January 26, 2008

Interruptions are Good

There have been a couple a times that I realize I wasn't doing what I should do. When I read the Gospel this morning, upon reflection, my guilt for not being gracious at work when I was interrupted while I was attempting to read God's Word. I think I did this twice and now that I recall it I realize I wasn't doing God's Will at the time. It was my not wanting to loose the precious time I was spending on reflecting of our Lord, that in my selfish need to be alone with God that I turned away one of God's own, my neighbor. In His way He was there through them and in my sin I didn't see it that way. Not until I reflected on it this morning. I am thankful that I was able to see my error on those few occasions and thankful it only happened a few times. And even that one time too many is too much. I didn't mind being disturbed while eating, because I always shared what I have, it was when I tried to read and reflect on God's Word that I found being interrupted difficult to swallow. And that is no excuse to be hospitable and gracious, to stop what I was doing and give my (all) attention to the person who came seeking me.
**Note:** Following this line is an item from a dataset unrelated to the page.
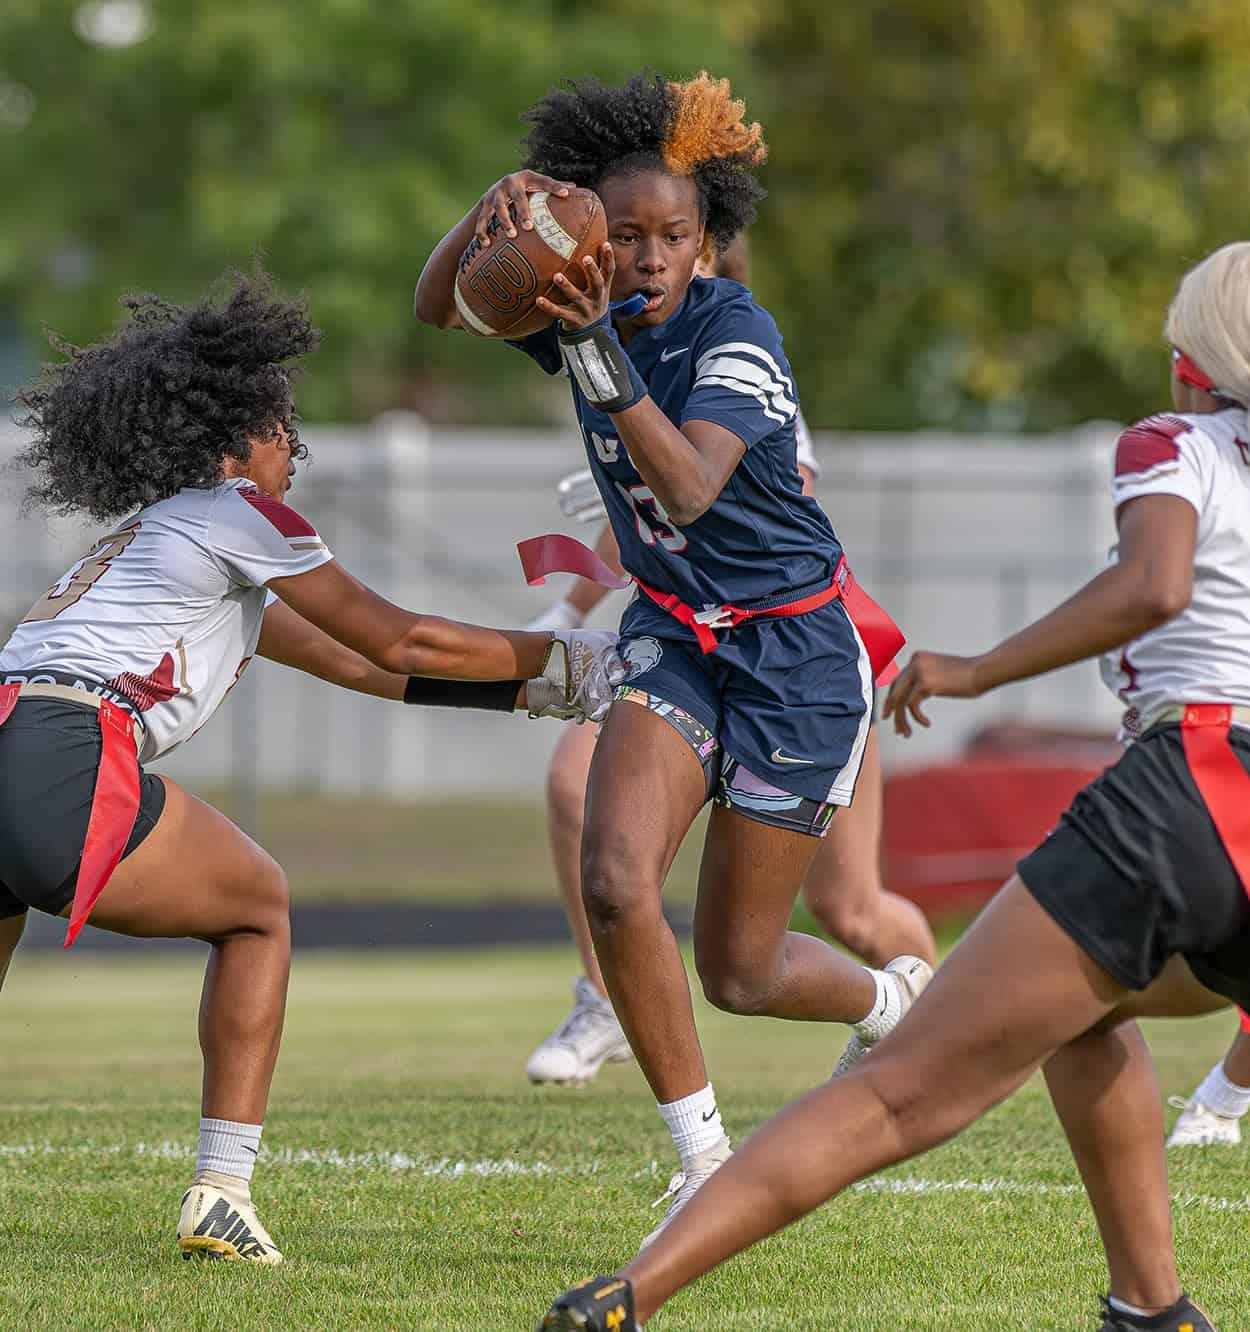 Springstead High, 13, J’Ziyah Munford rushes through the Countryside defense during the Eagles 36-0 win at home in the 2A District 14 playoff match. Photo by [Joseph Dicristofalo]
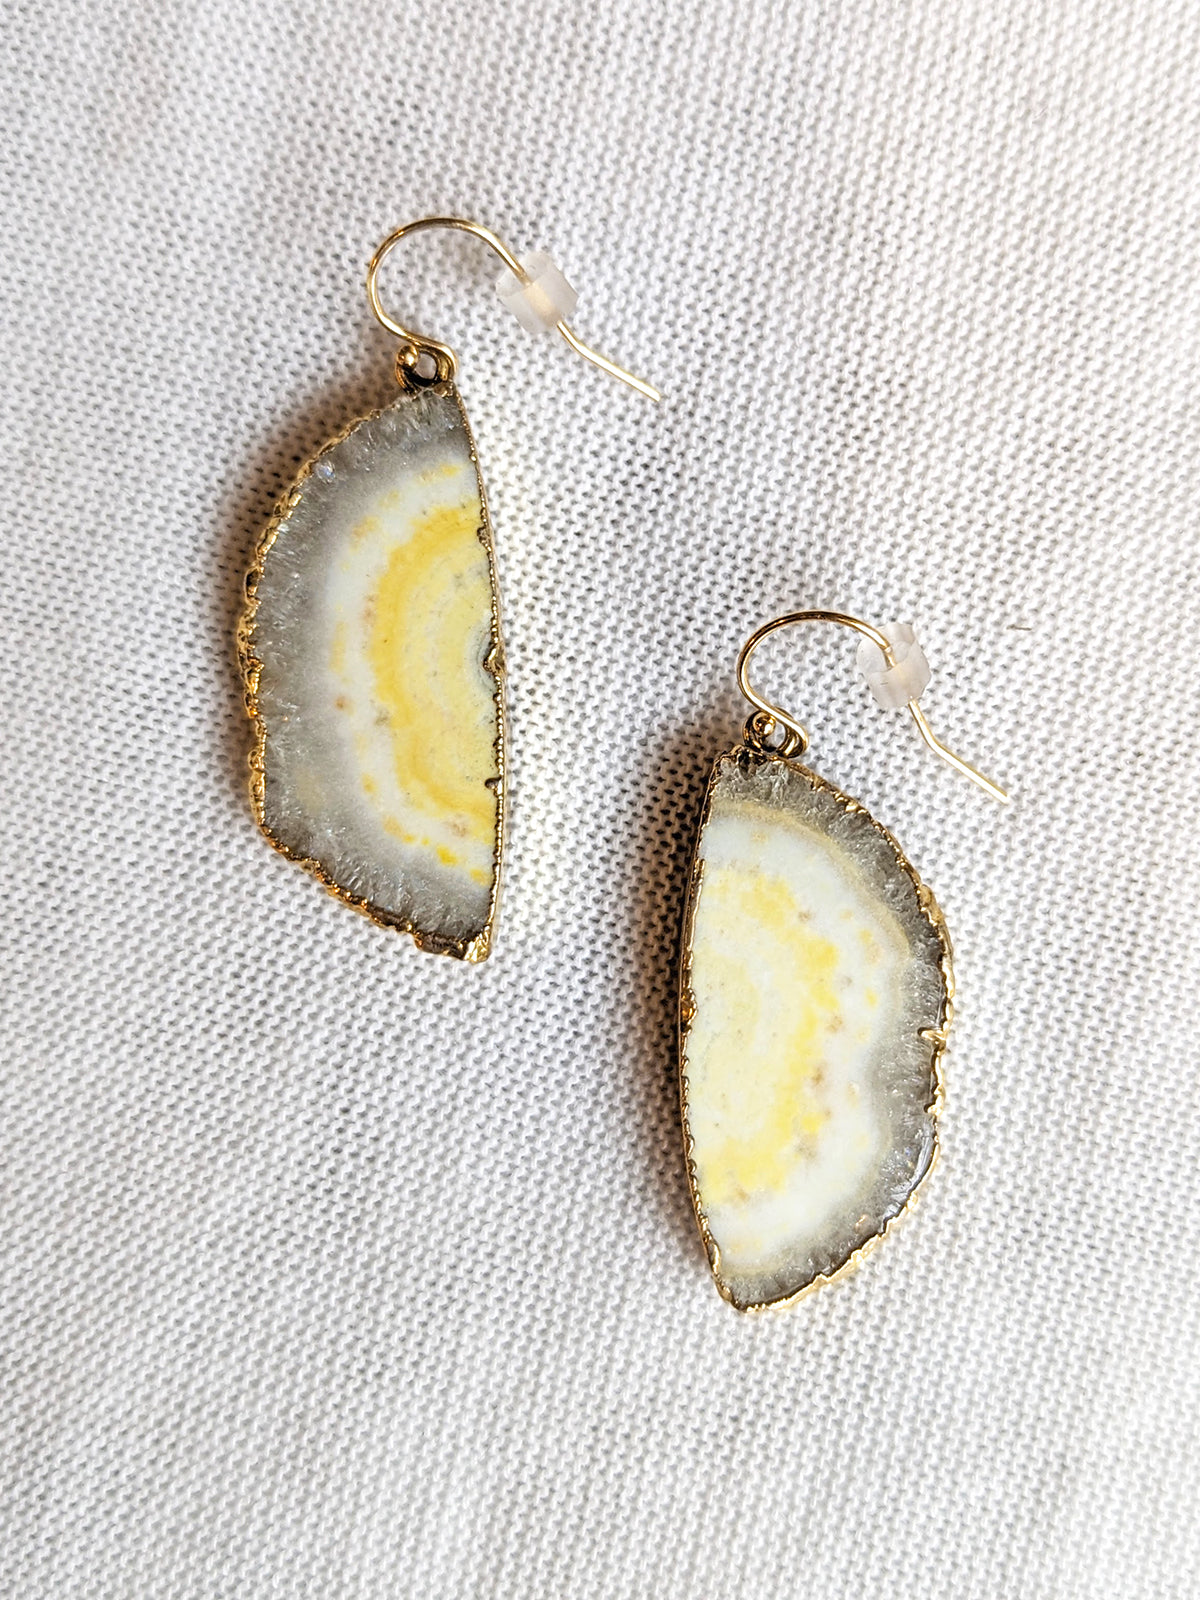 Nuance Yellow Geode Earrings | One of a Kind

I could think also the other way, that evil is sent to interrupt us at times too. A test to see how we fare in our dealings. It seems it all boils down to how well we love our neighbor in times of reflection, in times of rest and so on. Life gives us lots of interruptions in our daily routine, it's gives us a heads up on how we tackle those interruptions. I didn't do so good on a few, it's recognizing the areas that need to be more in imitation of our Lord and less of myself. I died a little more today and brought more joy to my heart for God's love and his lessons in my life.

5 Words of Wisdom:

teresa_anawim2 said...

Now that you focus on it, and I think about it, even the evil interruptions can work together for our good...we learn from them how to avoid situations, gauge time better, etc.
All things DO work together for good.
Thanks for bringing this to my mind today, MC!

Anonymous said...

As always a very good meditation..

Marie Cecile said...

Thank you teresa_anawim2 and Jackie. You have a great smile jackie, never stop smiling.

Anonymous said...

These "being interrupted" lessons are ones I have to be more attentive to also, mc. Sometimes I get impatient or annoyed; I really like the way you relate it to hospitality.

Bernice said...

Thank you Gabrielle, it never is easy.